Notre correspondant a raison. La main-d’oeuvre gouvernementale compte des milliers de gens honnêtes faisant un travail honnête — et en partie utile. Le problème, c’est que dans la mesure où ce travail n’est pas soumis aux lois du marché, on ne sait jamais à quel point il est utile. Quand une chose vaut-elle la peine d’être faite ? Lorsque les gens sont prêts à vous payer pour ça. Comment savoir quand il faut en faire plus ? Lorsque le profit ajusté au risque que vous engrangez dépasse le taux que vous pourriez obtenir en prêtant votre argent au gouvernement, sans risque. Pourquoi tant de gens veulent-ils prêter de l’argent au gouvernement US actuellement ? Parce que le rendement des autres investissements est si bas… et le risque si élevé.

Les marchés découvrent constamment jusqu’à quel point les choses sont utiles et désirables. Les prix changent sans arrêt. Une chose grimpe… une autre chute… dirigeant toujours les producteurs et les consommateurs vers une utilisation optimale de leur argent.

▪ Mais les autoroutes, les guerres et les bureaucraties ne sont pas valorisées par les marchés. On ne sait donc jamais ce qu’elles valent. Dans une vraie guerre, un pays pourrait être prêt à verser jusqu’à son dernier centime pour faire reculer l’ennemi. Mais qu’en est-il des « guerres de choix » comme celles d’Irak ou d’Afghanistan ? Combien valent-elles vraiment ? Personne ne le sait. Et personne ne s’en soucie vraiment. Elles deviennent simplement quelques programmes gouvernementaux de plus… ponctionnant éternellement des ressources qui devraient aller à l’économie réelle. Il y a des dizaines… des centaines… de programmes gouvernementaux mis en place durant la Grande dépression et qui sont encore en vie. Chacun a grandi année après année… et chacun emploie désormais des milliers de travailleurs bien payés. Chaque employé reçoit non seulement un salaire, mais également une couverture sociale et une retraite… et il a besoin d’un bureau où travailler et un endroit où garer sa voiture. Que fait-il ? Que se passerait-il s’il arrêtait de le faire ? Personne ne le sait.

Nous allons faire une supposition. 90% des employés fédéraux de Washington pourraient aller voir ailleurs… et la vie continuerait comme avant — voire mieux.

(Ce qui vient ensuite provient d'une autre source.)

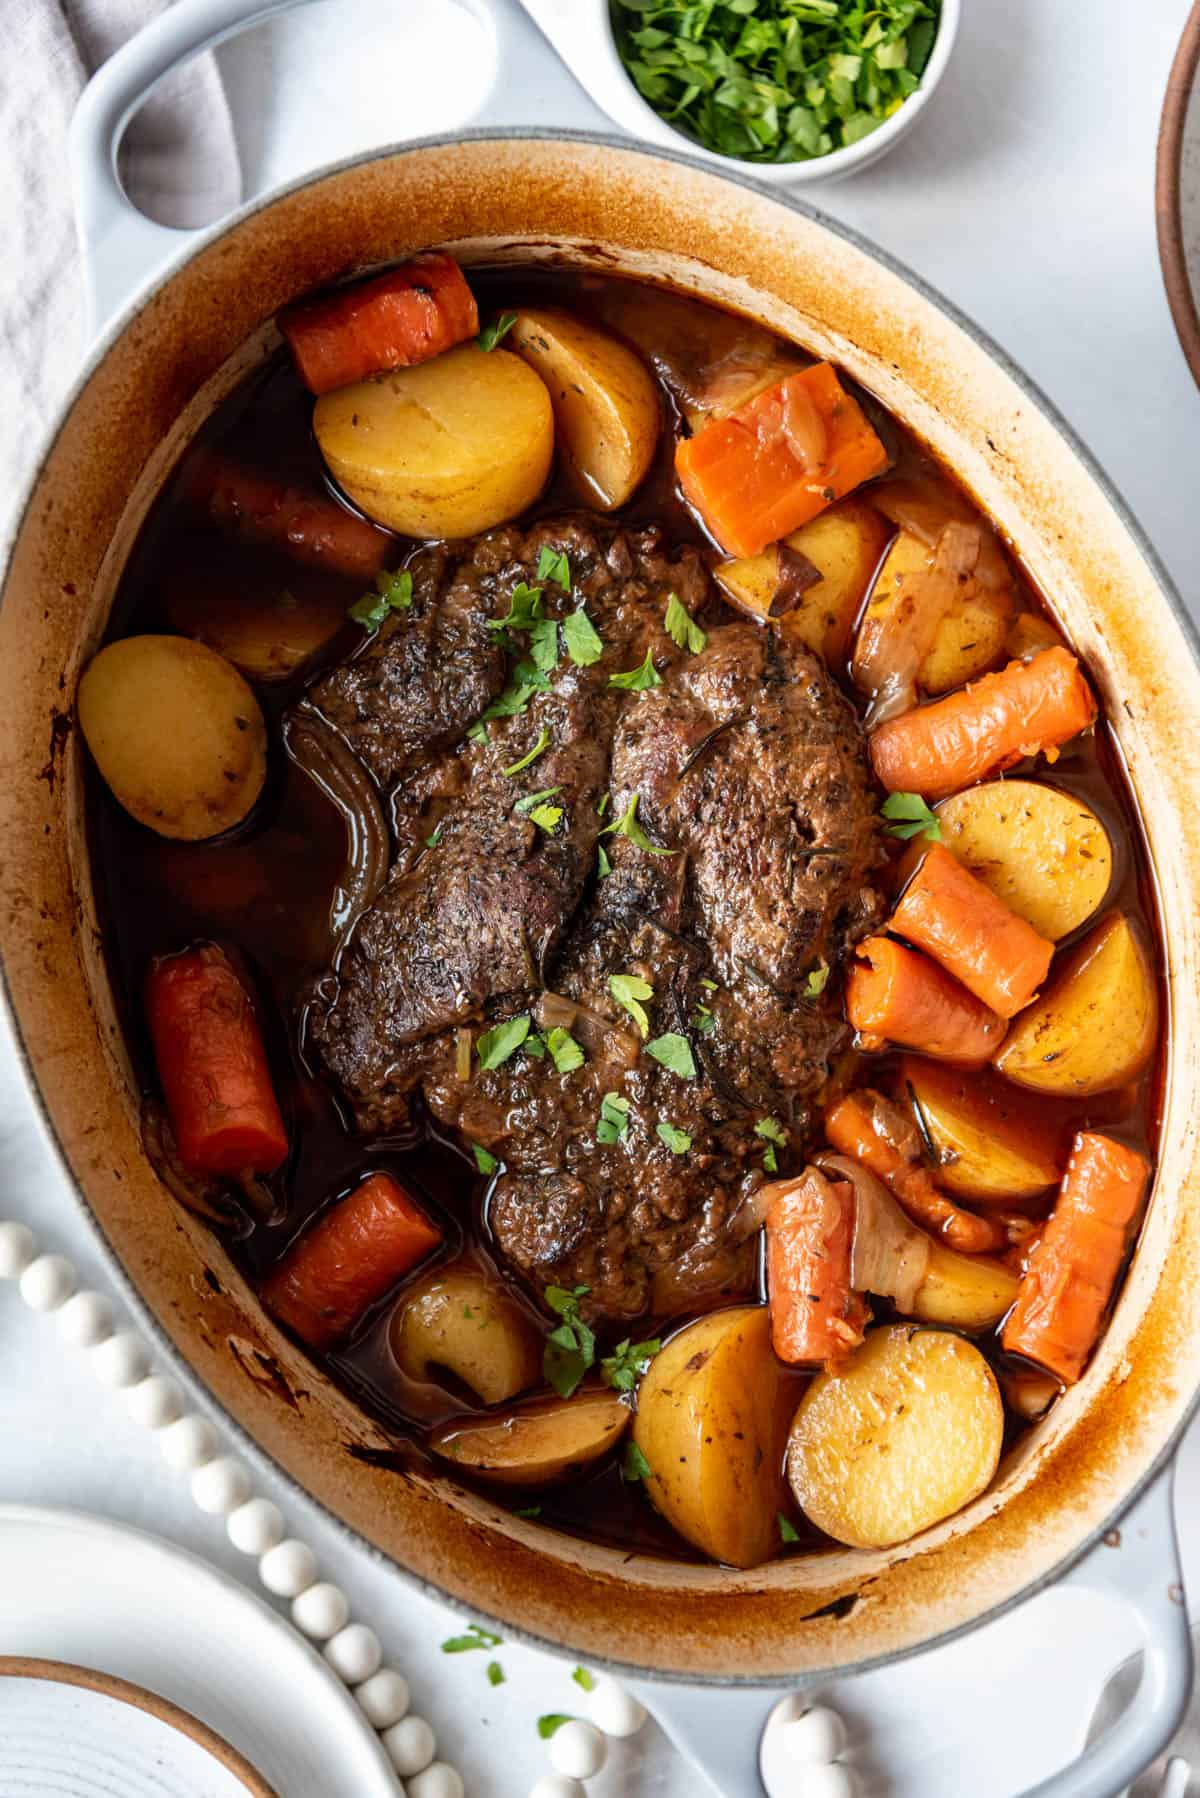 Parsley sprinkled over pot roast and vegetables in a Dutch oven.

Sur 10 employés gouvernementaux, deux font probablement des choses utiles… des choses pour lesquelles nous paierions volontiers si elles n’étaient pas faites par le gouvernement — bien que nous les paierions certainement moins cher que ce qu’elles nous coûtent actuellement. Cinq autres font des choses qui ne valent pas la peine d’être faites — des choses qui sont du gâchis d’argent pur et simple. Et les trois derniers font des choses qui détruisent la richesse… des choses qui empirent en fait la situation. Ces trois-là sont des économistes. Ou des avocats. Ou qui sait quoi encore.

▪ Bien entendu, dans le secteur privé aussi les gens font n’importe quoi. Il suffit de voir ceux qui rédigent des prêts subprime. Ou ceux qui font du rap. Ou ceux qui vendent des télévisions. Mais après tout, ce n’est que notre avis ! Que le marché (le consommateur) décide ! Ce n’est pas de notre ressort. Dieu merci.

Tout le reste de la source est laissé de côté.